__PROVIDED DATA__.
- - - - -

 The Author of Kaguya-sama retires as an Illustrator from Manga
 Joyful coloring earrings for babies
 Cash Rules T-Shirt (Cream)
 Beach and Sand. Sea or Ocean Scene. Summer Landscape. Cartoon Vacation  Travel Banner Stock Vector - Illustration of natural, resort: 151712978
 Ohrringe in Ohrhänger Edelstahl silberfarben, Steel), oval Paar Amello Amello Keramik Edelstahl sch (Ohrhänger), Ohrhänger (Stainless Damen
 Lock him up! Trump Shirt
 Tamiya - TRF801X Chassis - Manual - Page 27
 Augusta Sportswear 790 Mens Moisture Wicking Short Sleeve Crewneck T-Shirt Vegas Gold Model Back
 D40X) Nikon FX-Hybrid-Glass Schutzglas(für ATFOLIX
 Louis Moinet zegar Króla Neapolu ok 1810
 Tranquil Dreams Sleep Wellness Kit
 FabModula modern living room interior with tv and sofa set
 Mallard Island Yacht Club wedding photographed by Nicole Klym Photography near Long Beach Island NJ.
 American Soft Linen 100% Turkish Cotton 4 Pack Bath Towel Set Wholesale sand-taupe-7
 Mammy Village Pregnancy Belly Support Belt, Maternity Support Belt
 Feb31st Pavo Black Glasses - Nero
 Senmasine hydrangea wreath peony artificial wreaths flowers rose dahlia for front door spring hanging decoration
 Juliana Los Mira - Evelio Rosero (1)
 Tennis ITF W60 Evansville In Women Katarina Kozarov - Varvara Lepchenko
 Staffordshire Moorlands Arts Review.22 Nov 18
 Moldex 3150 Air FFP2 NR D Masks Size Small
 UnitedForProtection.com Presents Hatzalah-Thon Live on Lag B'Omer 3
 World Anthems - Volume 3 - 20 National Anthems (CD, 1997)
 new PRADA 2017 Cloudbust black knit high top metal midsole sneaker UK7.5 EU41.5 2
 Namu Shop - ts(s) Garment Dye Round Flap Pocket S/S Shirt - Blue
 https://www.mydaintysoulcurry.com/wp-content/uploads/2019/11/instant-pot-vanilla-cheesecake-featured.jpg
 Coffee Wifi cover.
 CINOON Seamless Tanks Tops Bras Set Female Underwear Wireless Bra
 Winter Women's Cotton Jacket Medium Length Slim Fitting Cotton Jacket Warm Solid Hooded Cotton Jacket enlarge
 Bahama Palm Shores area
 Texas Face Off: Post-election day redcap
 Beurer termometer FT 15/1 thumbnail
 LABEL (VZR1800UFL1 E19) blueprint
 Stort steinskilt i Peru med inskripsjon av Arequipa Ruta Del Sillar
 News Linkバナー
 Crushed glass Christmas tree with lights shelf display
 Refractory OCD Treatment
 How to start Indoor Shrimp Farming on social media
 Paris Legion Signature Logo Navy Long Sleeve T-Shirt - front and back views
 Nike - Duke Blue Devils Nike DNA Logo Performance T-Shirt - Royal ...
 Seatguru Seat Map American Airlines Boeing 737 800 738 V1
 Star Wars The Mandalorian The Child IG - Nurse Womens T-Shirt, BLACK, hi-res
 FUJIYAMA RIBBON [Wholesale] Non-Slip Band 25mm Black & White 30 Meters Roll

- - - - -

__WHAT IS BEING ASKED__. Taking the entries above, print exactly the lines starting at the line with "Beurer termometer FT 15/1 thumbnail" and ending at the line with "Refractory OCD Treatment", both included.

__EXPECTED OUTPUT__.
 Beurer termometer FT 15/1 thumbnail
 LABEL (VZR1800UFL1 E19) blueprint
 Stort steinskilt i Peru med inskripsjon av Arequipa Ruta Del Sillar
 News Linkバナー
 Crushed glass Christmas tree with lights shelf display
 Refractory OCD Treatment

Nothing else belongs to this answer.